Mag sein. Ist leider trotzdem falsch. Es gibt in Deutschland mehrere Rechenzentren und auch Institute. Man kann daher nicht sagen, "...immer mehr auf Linux umgestellt.".

- GAD

- Fiducia_IT

- Finanzinformatik

Nur als Beispiel zu nennen.

LG

----------

## Klaus Meier

Ok, einen habe ich noch und dann melde ich mich hier ab.

Nur mal so als Beispiel:

http://derstandard.at/2000034148514/Rebellen-haben-bei-Microsoft-die-Macht-uebernommen

Es tut sich da gerade etwas. Nur bei Gentoo ist man zu blöd dazu, es zu kapieren. Ist schon geil, dass da jetzt die Windows-Jünger aus ihren Löchern gekrochen kommen, wenn man etwas dazu sagt. Das hätte ich jetzt echt nicht gedacht. Das sich in einem Gentoo-Forum in erster Linie gläubige Windows-Jünger tummeln, die gar nichts kapieren, was im letzten Jahr passiert ist.

In diesem Sinne, schönen guten Tag noch. Bei Microsoft geht die Post ab und keiner hier kapiert es.

----------

## SkaaliaN

 *Klaus Meier wrote:*   

> Ok, einen habe ich noch und dann melde ich mich hier ab.
> 
> Nur mal so als Beispiel:
> 
> http://derstandard.at/2000034148514/Rebellen-haben-bei-Microsoft-die-Macht-uebernommen
> ...

 

Das hat mit kapieren /Windows Jünger nichts zu tun. Was soll der Kindergarten-/Nerdslang? Also, warum so agressiv??

Die Aussage mit den SB Geräten ist schlicht und einfach falsch.

Das hat mit Windows Jünger nix zu tun. Aber nochmal langsam....

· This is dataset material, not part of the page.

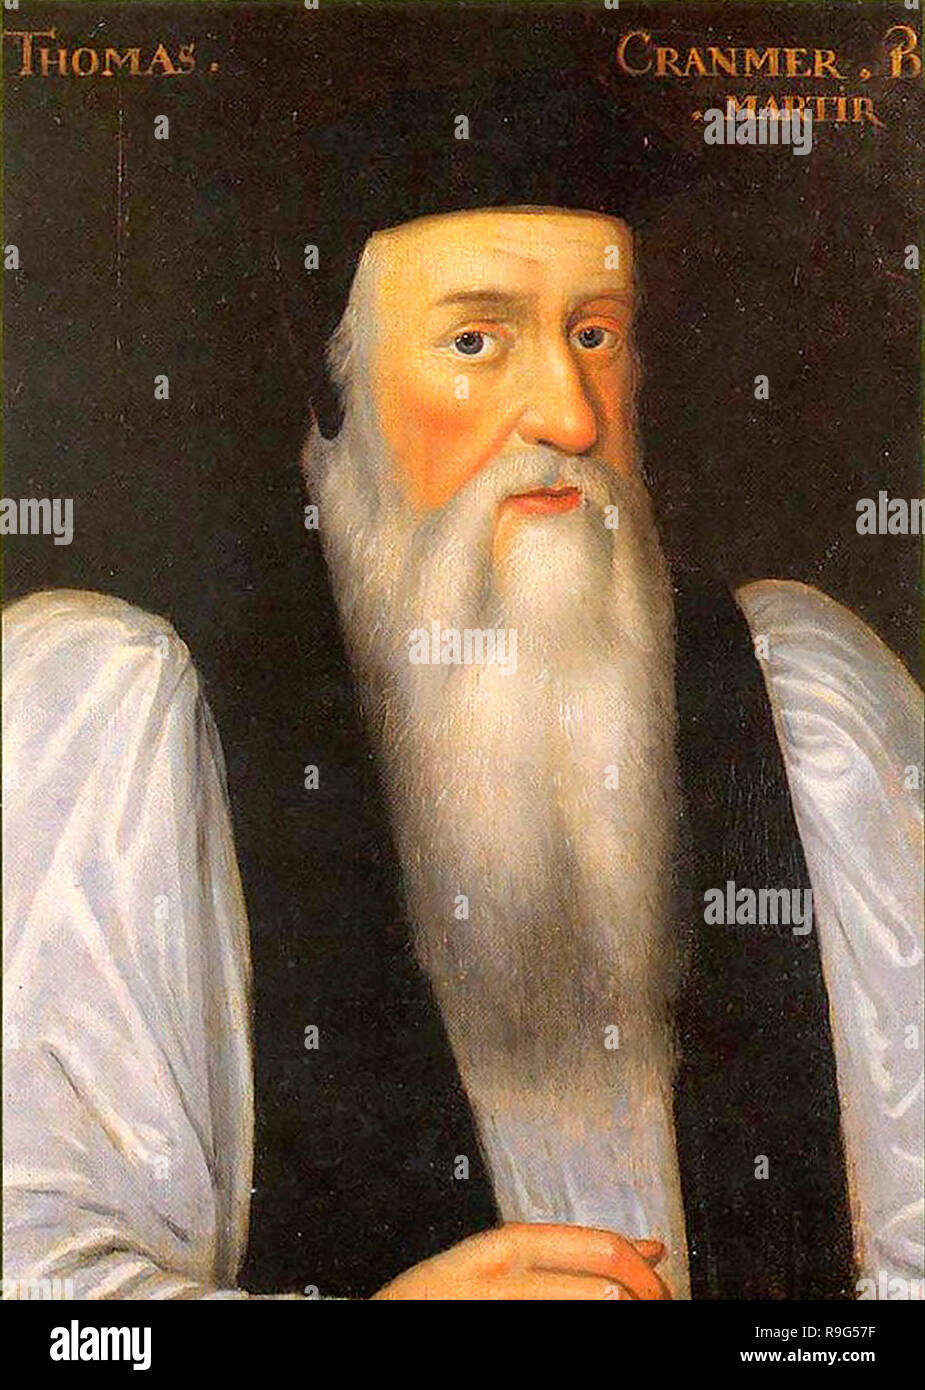 Thomas Cranmer. Cranmer, Erzbischof von Canterbury von 1533 bis 1555, war der Architekt der englischen Reformation. Ein Porträt von Gerlach Flicke zeigt ihn ohne Bart 1546, so dass dieser Malerei ihn spät im Leben darstellt. Stockfoto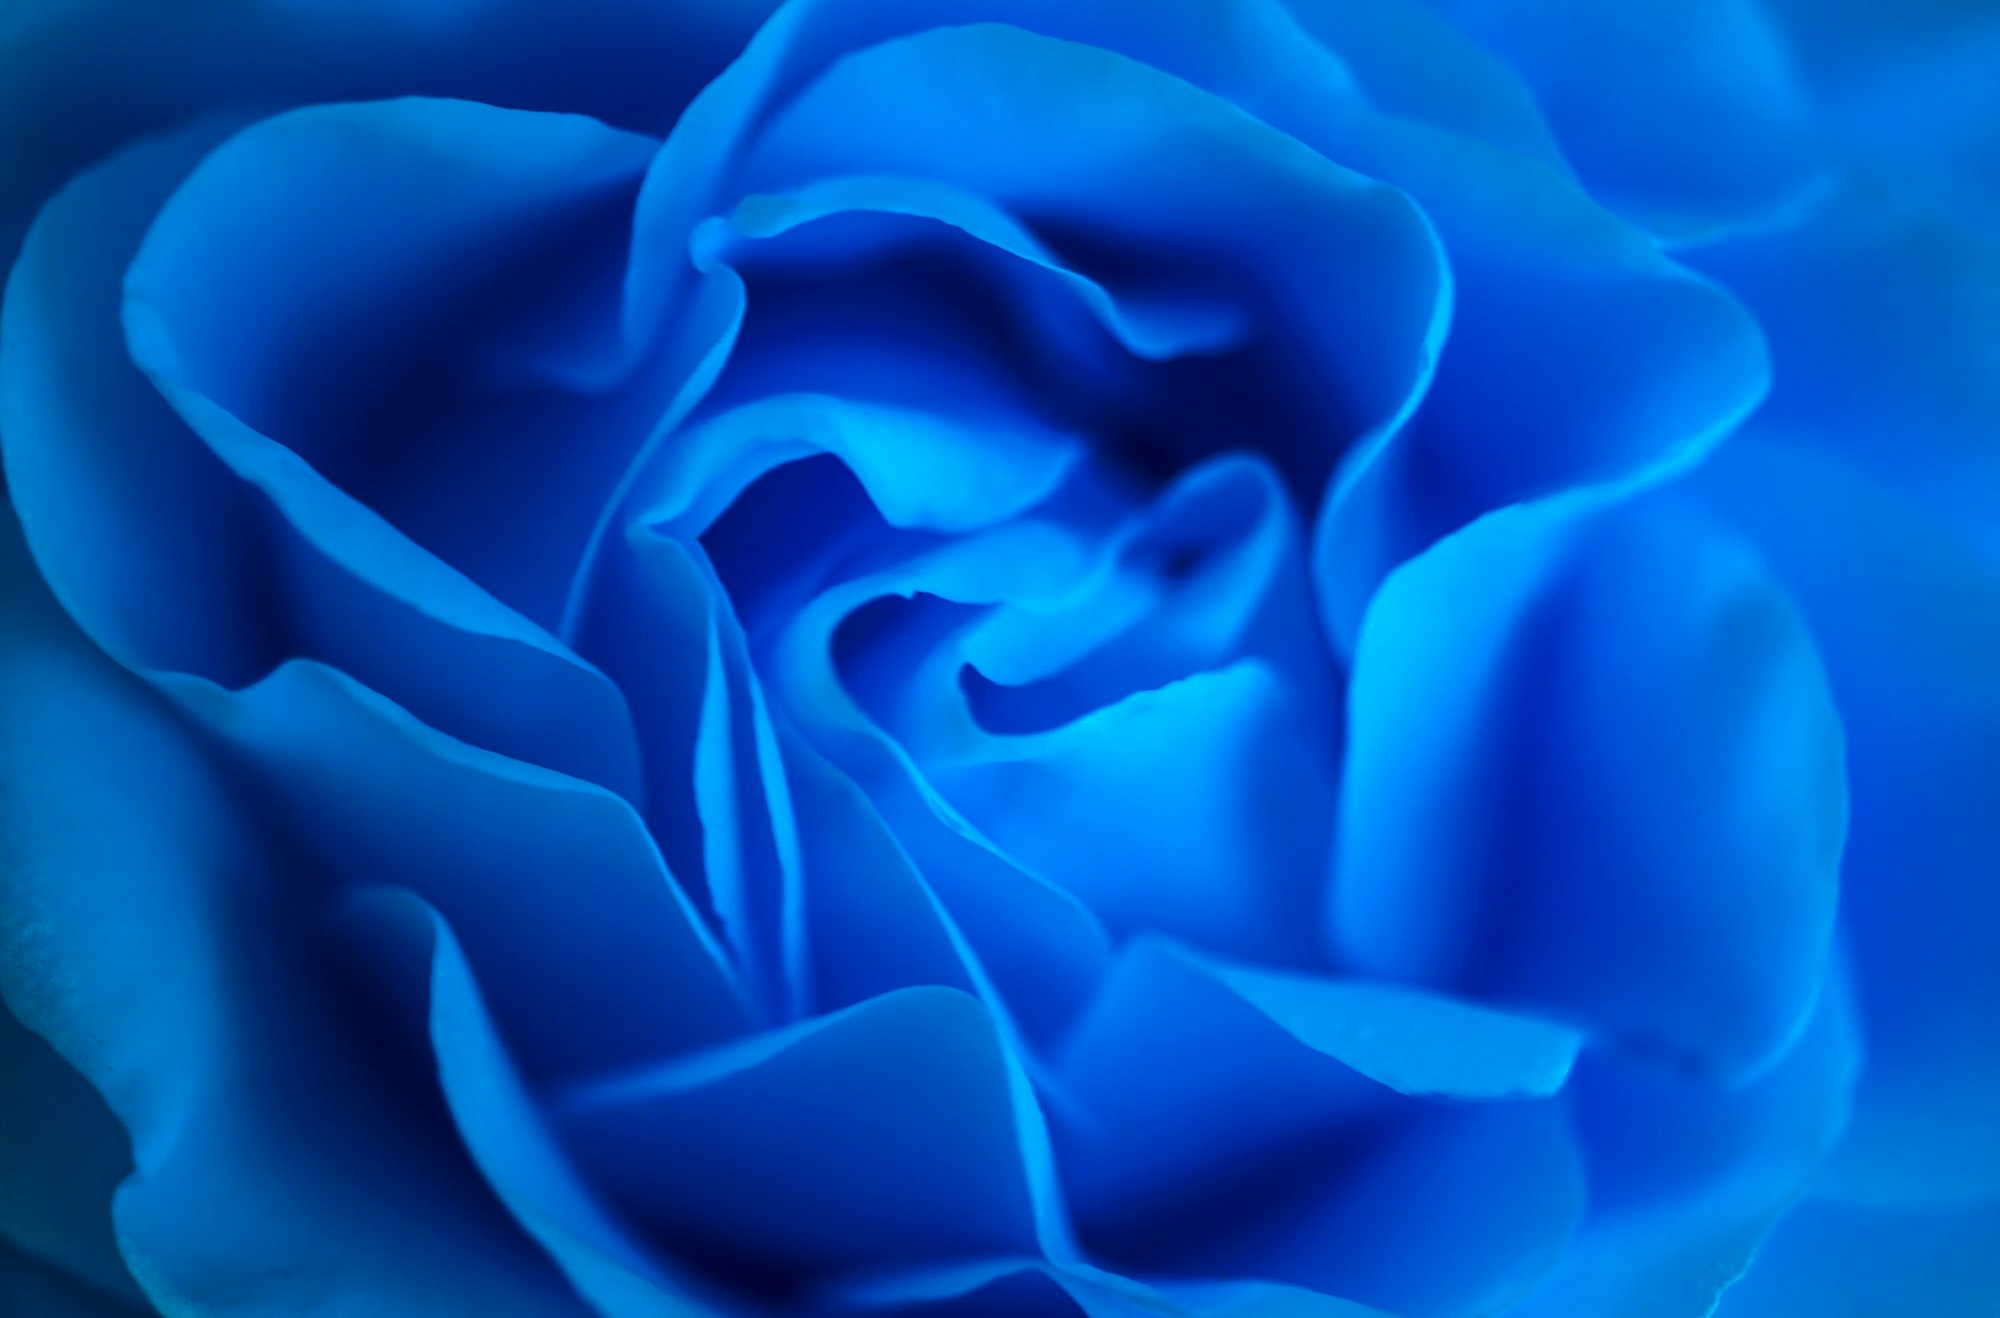 A chi si possono regalare le rose blu stabilizzate

Es spielen bei einer Migration verschiedene Dinge eine Rolle:

-> ist ein Wechsel Unternehmenspolitisch gewollt

-> sind die spezifischen Fachanwendungen kompatibel

-> ist eine Migration lizenztechnisch sinnvoll 

-> sind alle HW Features mit einem anderen System nutzbar

-> sind entsprechende Mitarbeiter geschult (auch externe Dienstleister)

-> gibt es Erfahrungswerte mit dem "anderen" Betriebssystem i.S. Zuverlässigkeit, Pachtmangagement, KFALL

-> können entsprechende Installationsroutinen in einem zentralen Installationsprogramm verarbeitet, verwaltet werden

Eine Frage an dich. Wo siehst du den Vorteil Linux, statt Windows zu nutzen, in Beachtung der obrigen Punkte?

Was denkst du, weshalb i.d.R. SB Geräte ausfallen? Wegen dem Betriebssystem??  :Wink: 

Bei Hobby IT und dem Wechsel von Software ist halt ein anderer Aufwand notwendig und mit weniger Konfliktpunkten verbunden, als ein Betriebssystemwechsel in Unternehmen.

So, bin nun auch raus....

----------

## mv

 *Klaus Meier wrote:*   

> Bei Microsoft geht die Post ab und keiner hier kapiert es.

 

Das hier ist ja auch ein Gentoo-Forum und kein Microsoft-Forum. Was bei MS passiert, kann hier doch praktisch nicht beeinflusst werden.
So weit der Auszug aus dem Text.